Client: Version: 18.03.0-ce API version: 1.37 Go version: go1.9.4 Git commit: 0520e24 Built: Wed Mar 21 23:06:28 2018 OS/Arch: windows/amd64 Experimental: false Orchestrator: swarm

Server: Engine: Version: 18.03.0-ce API version: 1.37 (minimum version 1.12) Go version: go1.9.4 Git commit: 0520e24 Built: Wed Mar 21 23:14:32 2018 OS/Arch: linux/amd64 Experimental: false

tsasioglu commented 6 years ago

We've rolled back to 17.12.0-ce-win47 2018-01-12 and are no longer seeing this issue.

bartoncasey commented 6 years ago

Had an idea to compare versions so that we can isolate the vpnkit version that started failing.

PS C:\Program Files\Docker\Docker\Resources> .\vpnkit.exe --version
%%VERSION%%
PS C:\Program Files\Docker\Docker\Resources>

Sigh.

bartoncasey commented 6 years ago

.\vpnkit.exe --debug --ethernet foo will spit out a git sha:

PS C:\Program Files\Docker\Docker\Resources> .\vpnkit.exe --debug --ethernet xxx
vpnkit.exe: [INFO] Setting handler to ignore all SIGPIPE signals
vpnkit.exe: [INFO] Version is eb91fd8319abdfcaf87a1839e46b7ce0577b68fc
...

That's for the current Version 18.04.0-ce-rc2-win61 (17070). It corresponds to the most recent commit here.

@tsasioglu What does your 17.12.0-ce-win47 report?

imarotte commented 6 years ago

Is there an easy way to roll back to 17.12.0-ce-win? As it is, 18 is completely unusable for me. I have to restart every 90 min because vpnkit uses +90% of my memory

apm963 commented 6 years ago

@imarotte Yes, you can download 17.12.0-ce-win47 here: https://docs.docker.com/docker-for-windows/release-notes/#docker-community-edition-17120-ce-win47-2018-01-12. I rolled back two of our staff to that version yesterday. The steps I tool were:

That is the simplest way, although you may end up losing your containers if the VM image is incompatible.

ericblade commented 6 years ago

Thanks @imarotte for linking the issue from the docker tracker. When I've been watching mine, it's been rapidly climbing to around 1GB, on a 4GB machine (lol) then backing off, then reclimbing. There's a GIF watching memory usage in Task Man attached to the link in docker/for-win 1932. I have had the machine go completely unresponsive twice in the last week, though, which is highly abnormal, and could be due to disk thrashing caused by memory exhaustion. I haven't yet bumped my Docker version back, because I was hoping that this would get fixed rapidly, and I have enough problems with going forward through Docker versions, that I don't want to see what kind of Hellgate I can open by trying to go backwards. It definitely occurred when upgrading to 18.03, though. I don't know what version I had before, specifically, as I hadn't been paying attention, because I didn't have problems :-)

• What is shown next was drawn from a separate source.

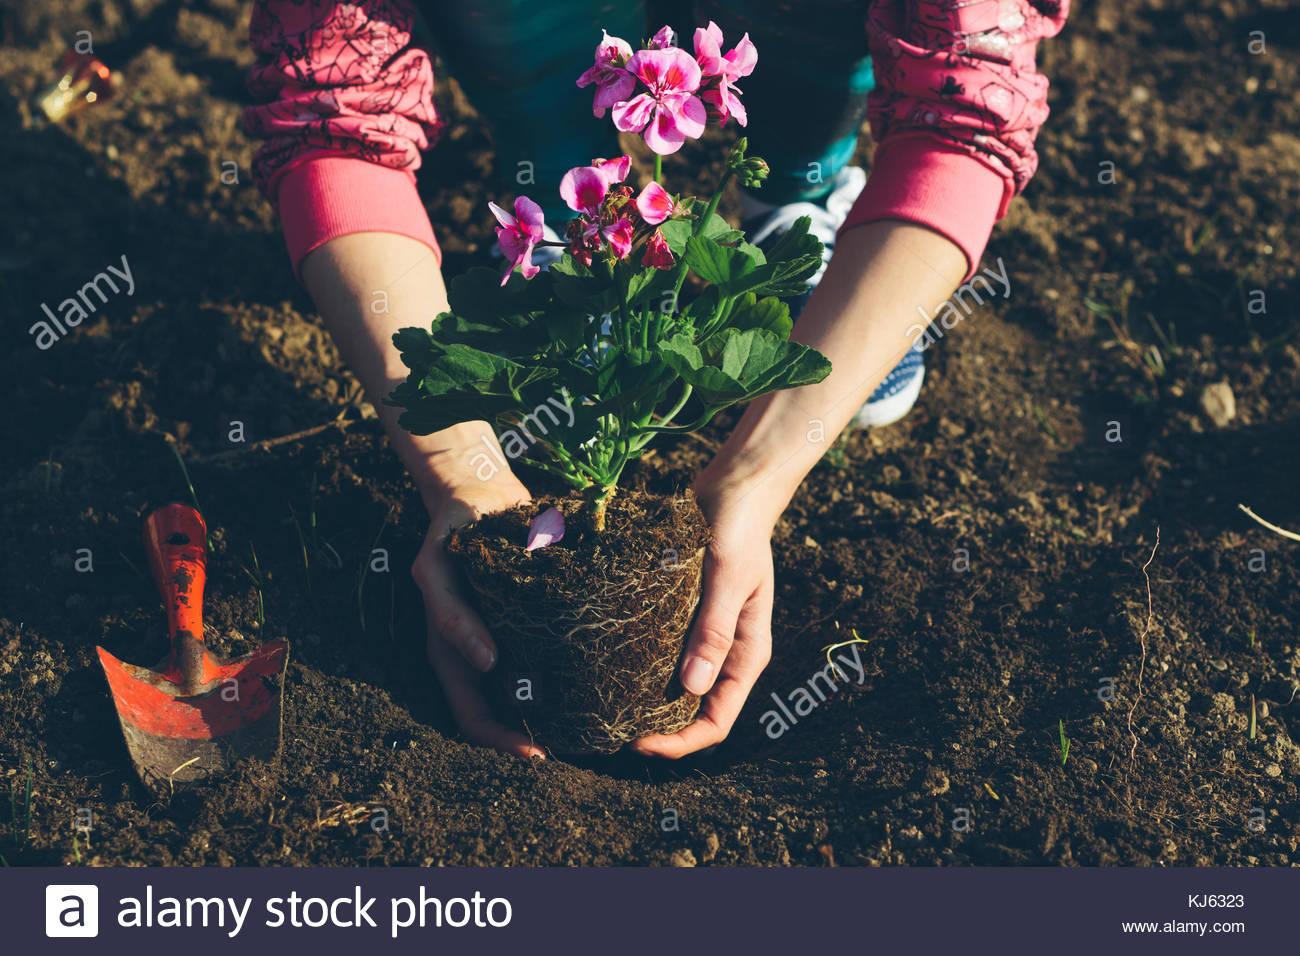 Mains la plantation d'une fleur dans le sol Photo Stock

I do run a nginx in docker that redirects traffic to a few other containers as well as services that run natively on the bare metal. As an aside, I do intend to put more RAM in the box, but so far, it hasn't really presented a problem to me, except that I can't force a docker restart without logging out or rebooting first.

ericblade commented 6 years ago

Just picked up the update to 18.03.1, and after about 15 minutes of runtime, vpnkit is hanging out at 13.7 to 14.0MB . . . so.. i'll keep an eye on it, but it seems to be fixed?

ericblade commented 6 years ago

image

18.03.1 on Win 10 1803 after about 12 hours

yixunx commented 6 years ago

I'm using Docker for Mac 18.03.1-ce-mac65 (24312) and hit the same issue after running vpnkit for ~5 hours: image

Docker version:

Client:
 Version:      18.03.1-ce
 API version:  1.37
 Go version:   go1.9.5
 Git commit:   9ee9f40
 Built:        Thu Apr 26 07:13:02 2018
 OS/Arch:      darwin/amd64
 Experimental: false
 Orchestrator: swarm

Server:
 Engine:
  Version:      18.03.1-ce
  API version:  1.37 (minimum version 1.12)
  Go version:   go1.9.5
  Git commit:   9ee9f40
  Built:        Thu Apr 26 07:22:38 2018
  OS/Arch:      linux/amd64
  Experimental: false

Docker info:

Containers: 2
 Running: 2
 Paused: 0
 Stopped: 0
Images: 28
Server Version: 18.03.1-ce
Storage Driver: overlay2
 Backing Filesystem: extfs
 Supports d_type: true
 Native Overlay Diff: true
Logging Driver: json-file
Cgroup Driver: cgroupfs
Plugins:
 Volume: local
 Network: bridge host macvlan null overlay
 Log: awslogs fluentd gcplogs gelf journald json-file logentries splunk syslog
Swarm: inactive
Runtimes: runc
Default Runtime: runc
Init Binary: docker-init
containerd version: 773c489c9c1b21a6d78b5c538cd395416ec50f88
runc version: 4fc53a81fb7c994640722ac585fa9ca548971871
init version: 949e6fa
Security Options:
 seccomp
  Profile: default
Kernel Version: 4.9.87-linuxkit-aufs
Operating System: Docker for Mac
OSType: linux
Architecture: x86_64
CPUs: 4
Total Memory: 11.71GiB
Name: linuxkit-025000000001
ID: PWN5:BICM:VGBT:GP5H:DCER:EUBH:V2NB:JQSR:VU52:PNWG:XNQZ:VXPV
Docker Root Dir: /var/lib/docker
Debug Mode (client): false
Debug Mode (server): true
 File Descriptors: 38
 Goroutines: 54
 System Time: 2018-05-02T22:08:32.337136965Z
 EventsListeners: 2
HTTP Proxy: docker.for.mac.http.internal:3128
HTTPS Proxy: docker.for.mac.http.internal:3129
Registry: https://index.docker.io/v1/
Labels:
Experimental: false
Insecure Registries:
 127.0.0.0/8
Live Restore Enabled: false

Downgrading to 17.12 seems to fix it. Happy to provide any diagnostics.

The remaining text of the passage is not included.